トレーニングデータとか保存する領域を事前に作る

バケット名には、”sagemaker”という文字列を含める必要があります。SageMakerがノートブックインスタンスを作成する時に、”sagemaker”という文字列をバケット名に含むS3バケットへのアクセスを許可するIAMロールを作成するからです。

sagemaker-test-mnstという名前で作りました

Amazon SageMaker ノートブックインスタンスの作成

https://console.aws.amazon.com/sagemaker/

に行ってノートブックインスタンスの作成のボタンを押す

初めての場合は下記の画面 f:id:masalib:20190622220432j:plain

2回目以降は下記の画面

f:id:masalib:20190622220510j:plain

編集画面でsagemaker-test-mnstという

f:id:masalib:20190622220700j:plain

下にスクロールするとPermissions and encryptionという項目のIAM ロールがある

f:id:masalib:20190622221313j:plain

新規作成を選択するとIAM作成画面が表示されるのでS3をなしにして作成する

f:id:masalib:20190622221405j:plain

作成されると、作成されたIAMロール名が表示されますインスタンスを作成するのボタンを押す

f:id:masalib:20190622221504j:plain

作成直後は「ステータス」が「Pending」になり作成が完了すると、「InService」になります。

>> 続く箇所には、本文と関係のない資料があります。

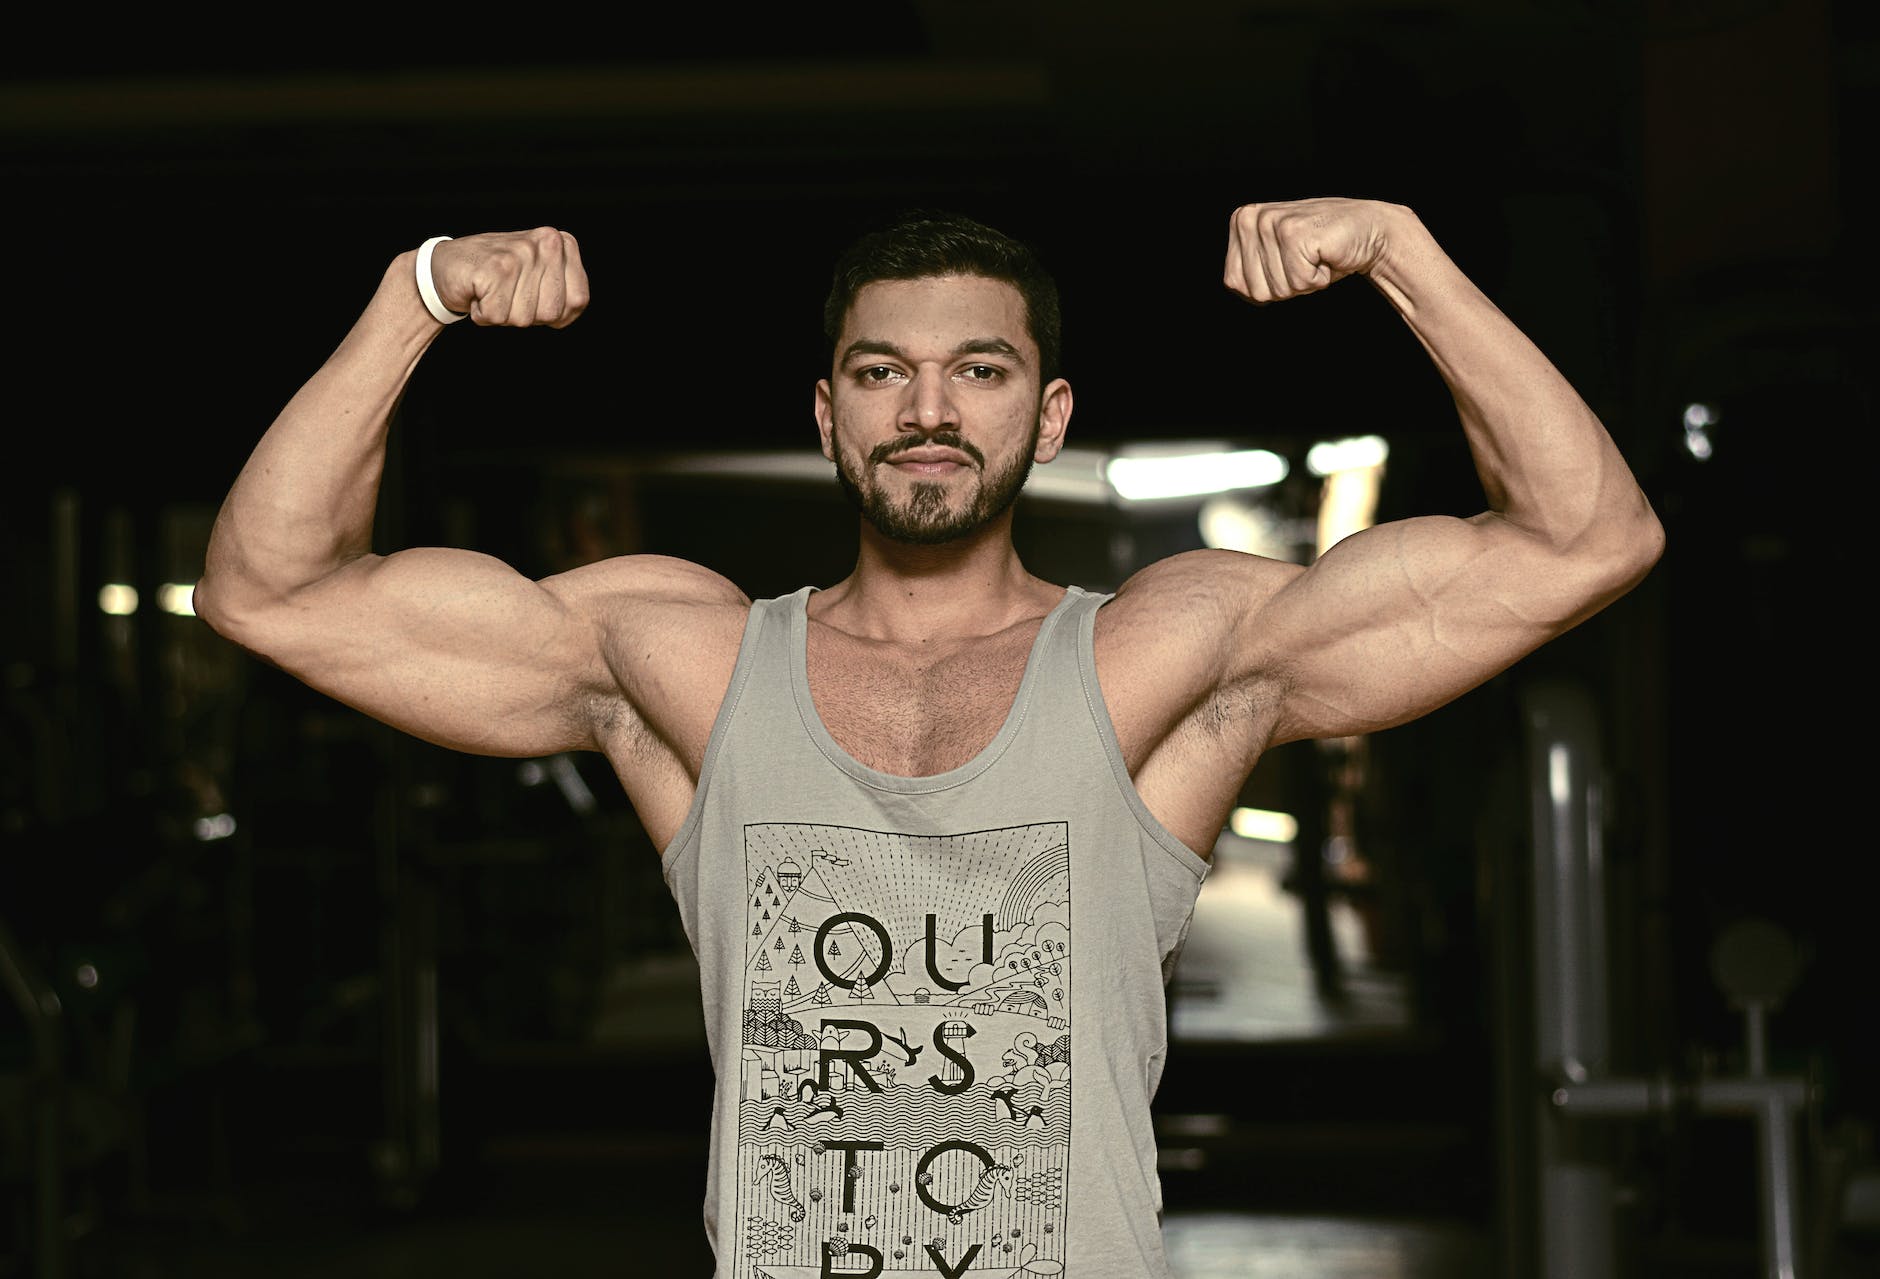 10 Biceps exercises with no equipment

f:id:masalib:20190622221844j:plain

組み込みのアルゴリズムでモデルをトレーニングし、デプロイする

一覧にある Open Jupyterというリンクを押す

f:id:masalib:20190622223512j:plain

Jupyter NoteBookが開くので「New」から「conda_python3」を選択する

f:id:masalib:20190622223633j:plain

さらにJupyter NoteBookが開く保存名を適当につける

s3のバケットの準備をする

from sagemaker import get_execution_role
 
role = get_execution_role()
bucket='sagemaker-test-mnst' # 「事前準備」で作成したS3バケット名に書き換える

トレーニングデータのダウンロード

%%time
import pickle, gzip, numpy, urllib.request, json
 
# Load the dataset
urllib.request.urlretrieve("http://deeplearning.net/data/mnist/mnist.pkl.gz", "mnist.pkl.gz")
with gzip.open('mnist.pkl.gz', 'rb') as f:
    train_set, valid_set, test_set = pickle.load(f, encoding='latin1')

調査する

%matplotlib inline
import matplotlib.pyplot as plt
plt.rcParams["figure.figsize"] = (2,10)
 
 
def show_digit(img, caption='', subplot=None):
    if subplot==None:
        _,(subplot)=plt.subplots(1,1)
    imgr=img.reshape((28,28))
    subplot.axis('off')
    subplot.imshow(imgr, cmap='gray')
    plt.title(caption)
 
show_digit(train_set[0][30], 'This is a {}'.format(train_set[1][30]))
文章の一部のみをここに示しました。